### DATA BELOW:
****

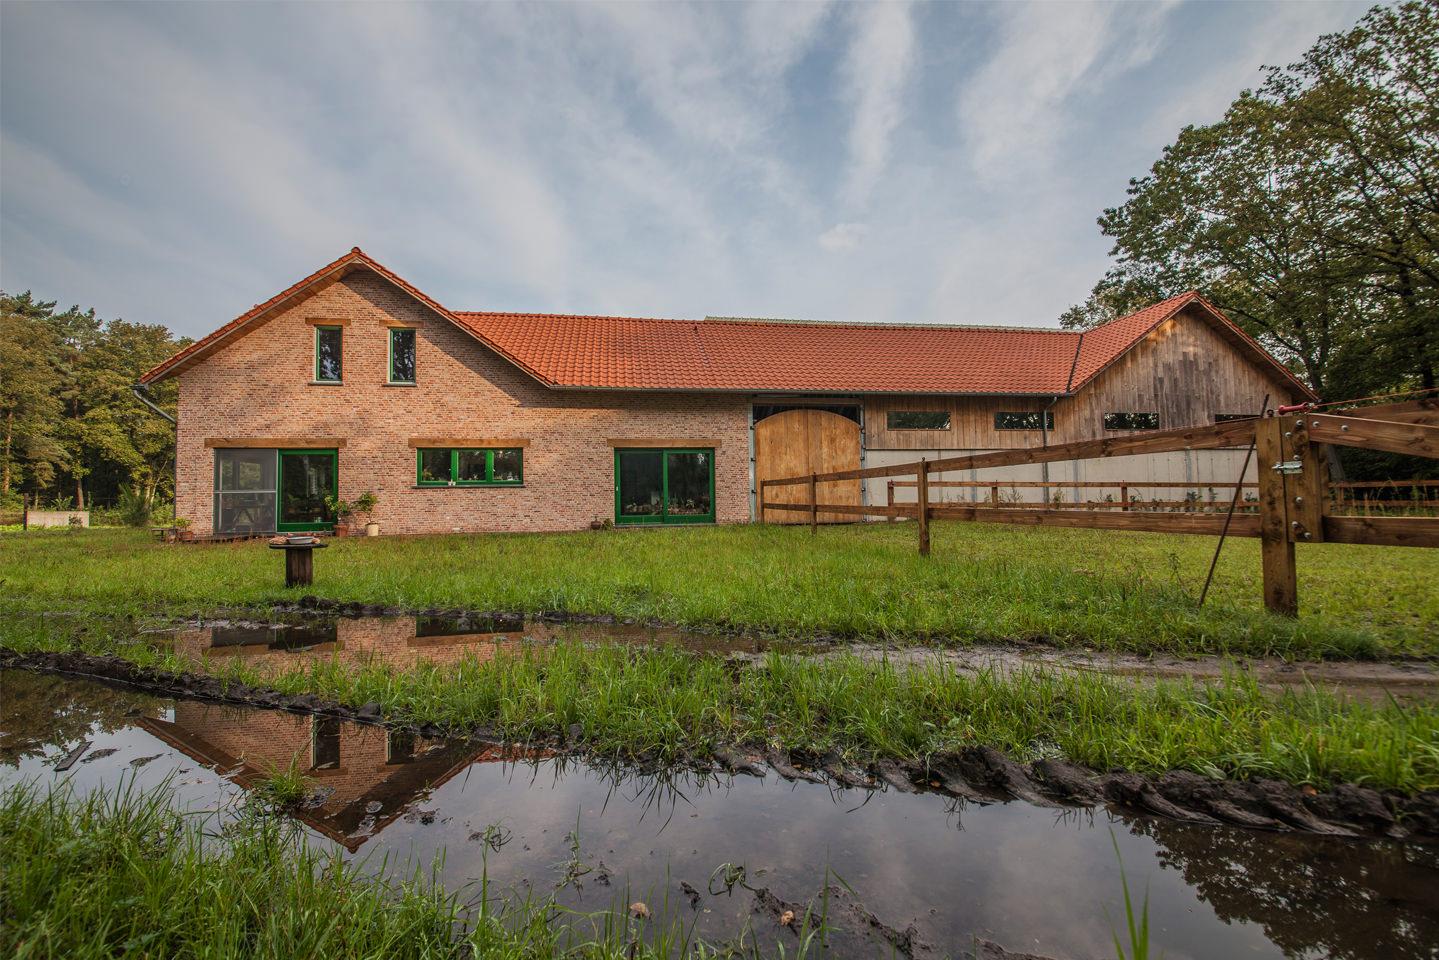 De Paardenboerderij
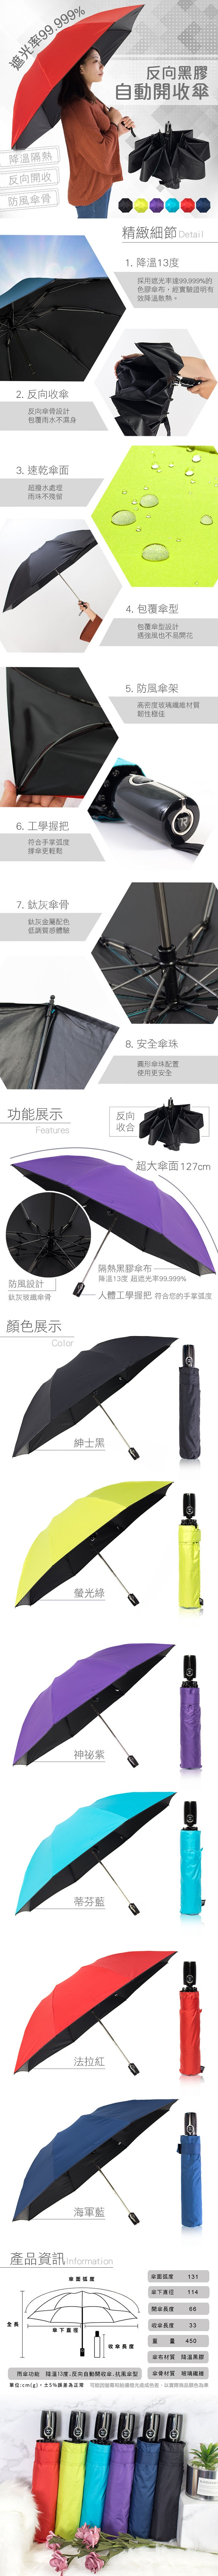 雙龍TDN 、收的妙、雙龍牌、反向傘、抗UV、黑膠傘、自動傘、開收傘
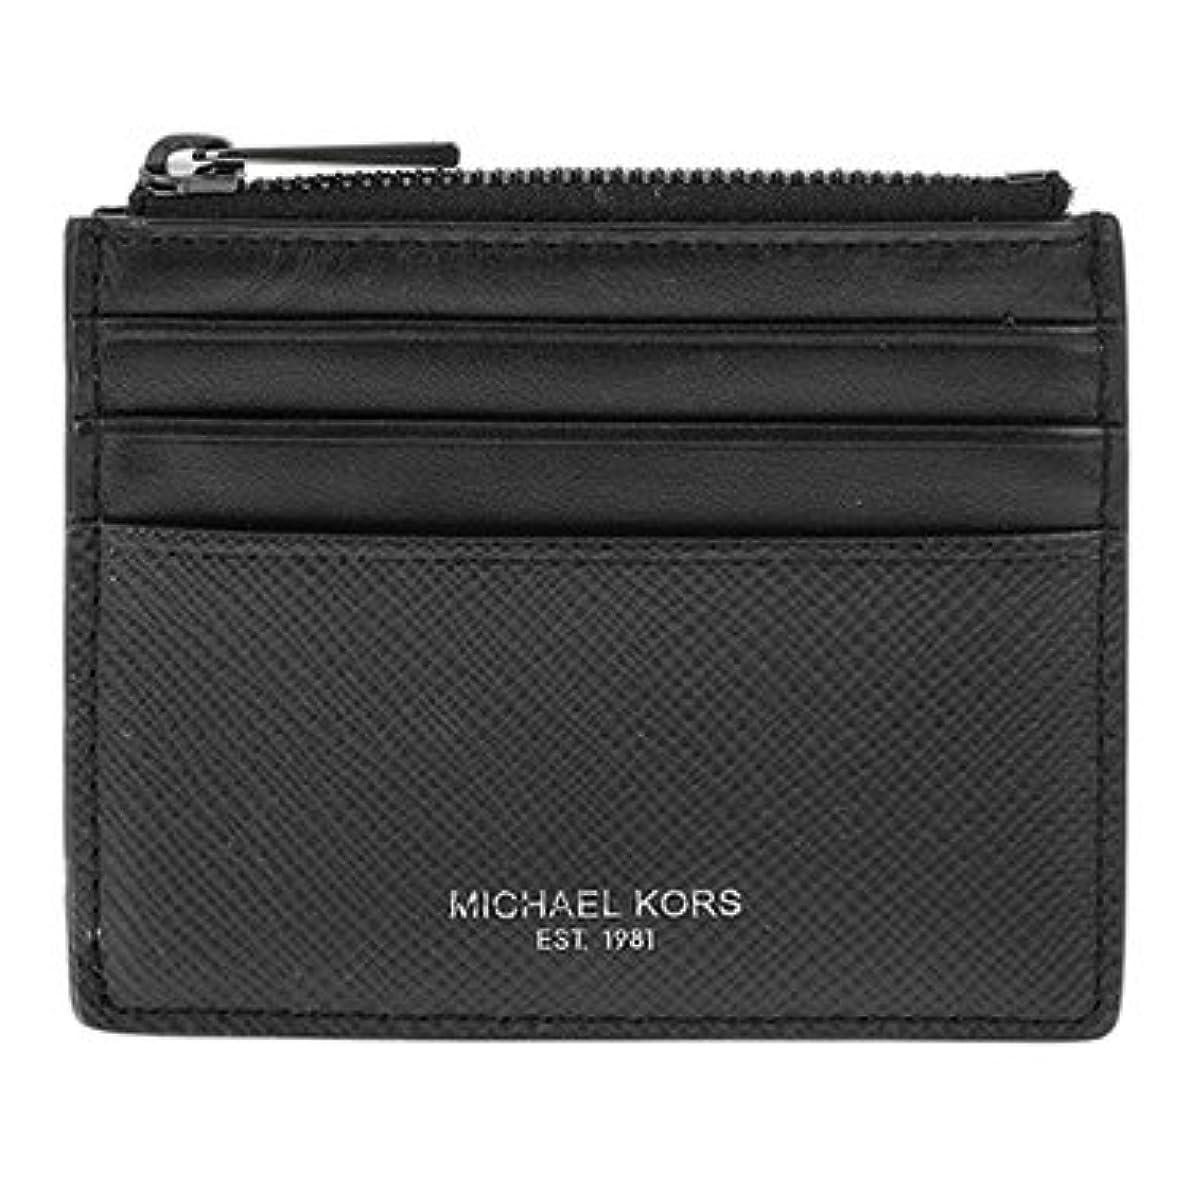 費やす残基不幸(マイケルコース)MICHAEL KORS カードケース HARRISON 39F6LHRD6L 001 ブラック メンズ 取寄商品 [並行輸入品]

****

Set down the material above exactly as written, but not the pictures.

### ANSWER TO THE EXERCISE:
 De Paardenboerderij
 雙龍TDN 、收的妙、雙龍牌、反向傘、抗UV、黑膠傘、自動傘、開收傘
 費やす残基不幸(マイケルコース)MICHAEL KORS カードケース HARRISON 39F6LHRD6L 001 ブラック メンズ 取寄商品 [並行輸入品]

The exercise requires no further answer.